One could say that there was a general feeling within the Western Zeitgeist by about the year 1910 that a cataclysm was due to occur soon. This is the metaphorical significance of the cholera epidemic in Death in Venice, which is described as having apocalyptic dimensions. Why, though, was there already an anticipation of disaster? What accounts for the feeling "in the air" at the time that Europe and the world as a whole were on the verge of a catastrophe?
Part of the answer lies in the fact that, although technological advances had in fact created a "better world" for much of humanity, they conversely created a sense of loss among many people, especially those in the arts. Throughout the nineteenth century, writers expressed a longing for the past, for a time before man had moved beyond the older belief systems and traditions that had given meaning to life. For many intellectuals, religion had lost its power. Life had become increasingly secular and therefore, to many, had become empty.
This accounts for the obsession with the distant past, with legend and myth, among people as different as, for instance, Tennyson and Wagner. In the Arthurian legends, Tennyson found a source of meaning lacking in the modern, mechanized world, as Wagner did in the Norse myths and the story of the Holy Grail. In addition, for the Victorians, there was a sense that the achievements of the past in literature—from Spenser and Shakespeare up through the Romantic poets—had been so great that they could never be equaled. Artists in the nineteenth century had thus begun to believe they were already living in a post-historical age.

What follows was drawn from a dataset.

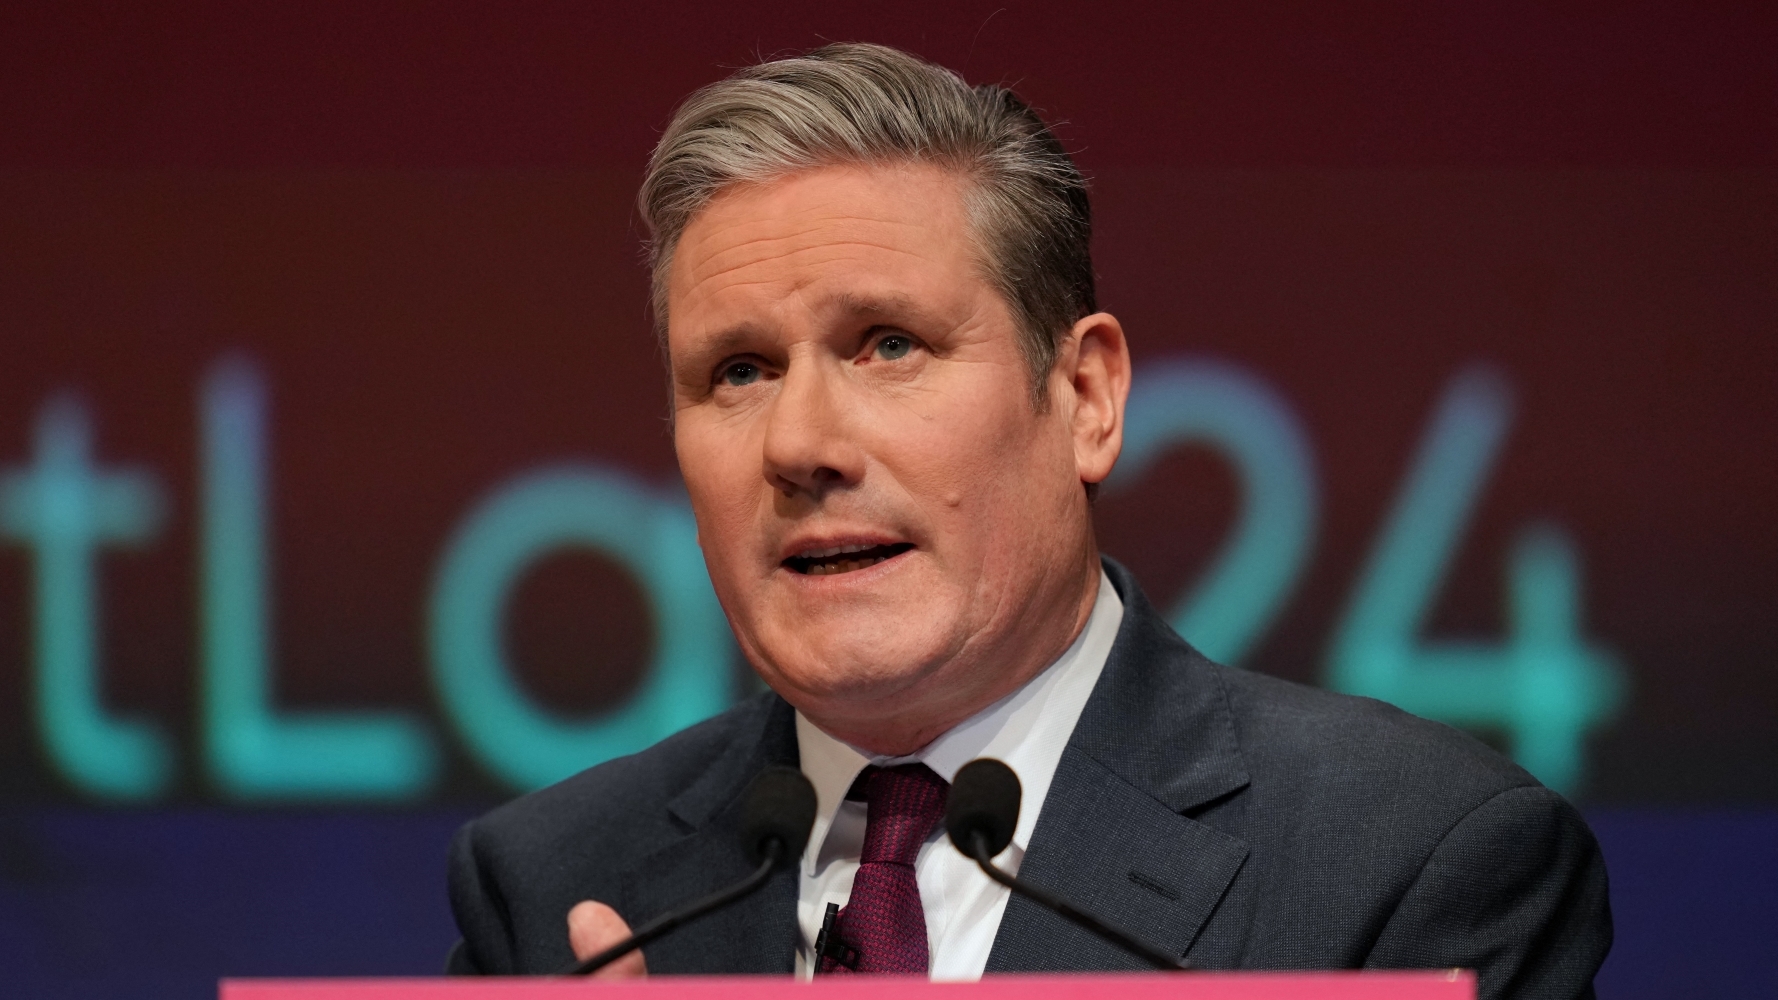 Labour leader Keir Starmer speaks to party members in Glasgow on 18 February (AFP/Andy Buchanan)

All of this, in my view, is where the modernism of the following century is rooted. It's a given, of course, that the "present" is rooted in the "past," but often modernist literature and art in general are seen as a negation of the work of the previous century. In some ways this is true, but I tend to see modernism, perhaps paradoxically, as more of a continuation of the previous era—or an intensification of some aspects of it, at least. The nineteenth-century Zeitgeist obviously can't be reduced to a simplistic formula, but much of it was already dominated by a sense of pessimism and alienation. Europeans seemingly knew that their colonial empires, though still expanding at the turn of the century, were going to expire eventually and that their dominance of the rest of the world could only last so long. This is the meaning of both Conrad's Heart of Darkness and Kipling's (despite his racism and jingoism in other poems) "Recessional." All of these factors—the sense of loss, the abandonment of religious faith, the anticipation of the decline of the West, and then finally the scale of bloodshed in the Great War—contributed to the alienation and hopelessness seen in the modernist period.